Elio im Olivengarten – Ein Kommentar

Zwei Wochen nach den Wahlen zeichnet sich in Brüssel, der Wallonie und der Französischen Gemeinschaft eine neue Koalition ab. Trotz ihrer Affären ist die PS wieder dabei. Doch die größte frankophone steht unter der Aufsicht der Grünen und der CDh, die die Einhaltung der Regeln politischer Ethik zur Priorität gemacht haben. Ein Kommentar von Albert Schoenauen

In der Wallonie und in Brüssel spielt sich ein ungewohntes Schauspiel ab, das die politischen Gewohnheiten auf den Kopf stellt. Es ist das Ergebnis des Ausgangs der Regionalwahlen vom 7. Juni, bei dem der erwartete Sieger MR verlor, die angekündigte Niederlage der PS ausblieb, die CDh sich behaupten konnte und die Grünen allen anderen ein Paket Wähler abtrünnig machten. Entgegen den Gepflogenheiten ergriff diesmal nicht die größte Partei, sondern das Bündnis der zwei kleineren die Initiative. Heraus kam eine weitere Überraschung: hatten sich während des Wahlkampfes alle im Sog der MR-Angriffe gegen die Sozialisten von der skandalumwitterten PS distanziert, kehrten sich die Grünen und die Humanisten jetzt von den Liberalen ab und zogen mit den Sozialisten in die Koalitionsverhandlungen. Der Olivenbaum, der den dreien vorschwebt, ist kein widernatürliches, sondern ein auf vielen Gebieten kohärentes Bündnis des linken Zentrums. Bis hier hat der PS-Vorsitzende Di Rupo meisterhaft und fehlerfrei manövriert. Nach katastrophalen Ergebnissen der Meinungsumfragen über die Wahlabsichten hing er schon in den Seilen, doch bei den großen Wahlkampfdebatten trat er korrekt auf und legte mehr Selbstbeherrschung an den Tag als sein Widersacher Reynders. Und am Wahlsonntag erkannte er sogleich den ECOLO-Wahlsieg an und zeigte sich nicht überheblich, obschon seine Partei eindeutig die größte wurde. Sein Verhalten schuf Vertrauen bei ECOLO und CDh. Beide haben der PS wieder in den Sattel geholfen, aber dafür auch Bedingungen gestellt, vor allem in den Bereichen der guten Gouvernanz und der politischen Ethik. Dieser Druck bietet dem PS-Chef die letzte Chance, mit dem eisernen Besen durch seine Partei zu gehen und ein für allemal die alten Gewohnheiten auszumerzen. Dass das nicht einfach ist, zeigen die jüngsten Fälle Coëme und Happart.

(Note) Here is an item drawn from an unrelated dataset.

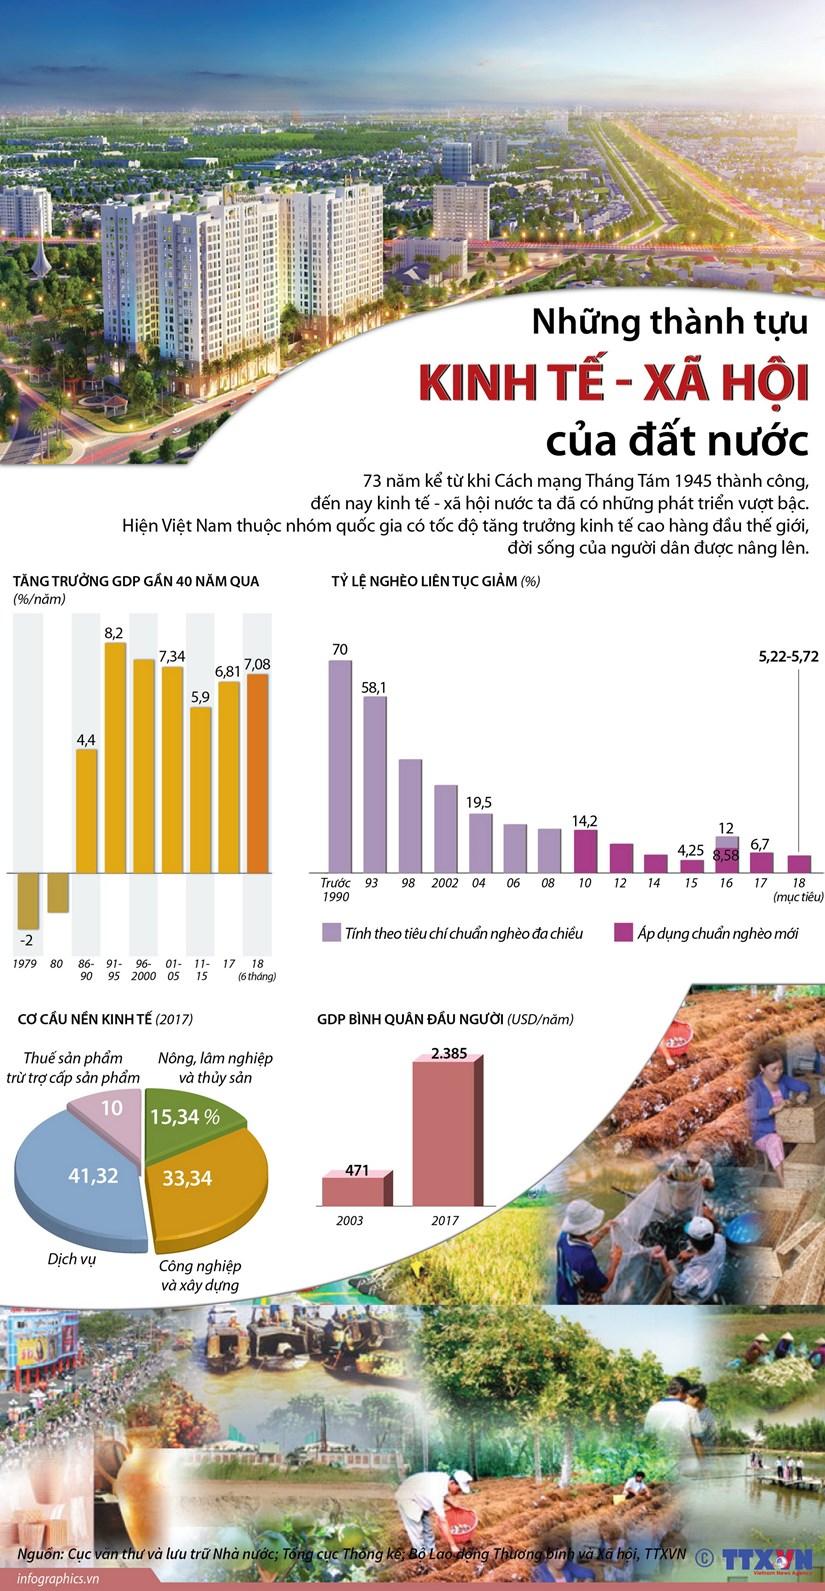 [Infographics] Nhung thanh tuu kinh te-xa hoi cua dat nuoc hinh anh 1

Für die Grünen ist das ein zweischneidiges Schwert. Viele ihrer Wähler, die die Affären der PS leid sind, sind bitter enttäuscht, dass ECOLO bereit ist, mit diesen Sozialisten in See zu stechen. Kommen die Reformen nicht schnell und sind sie nicht überzeugend, müssen ECOLO und CDh doch noch ihren Partner wechseln. Die MR bleibt als Druckmittel und Alternative in der Hinterhand. Für Didier Reynders, der auch schon nach Canossa ging und seine eigene Arroganz öffentlich bedauerte, ist das die letzte Hoffnung.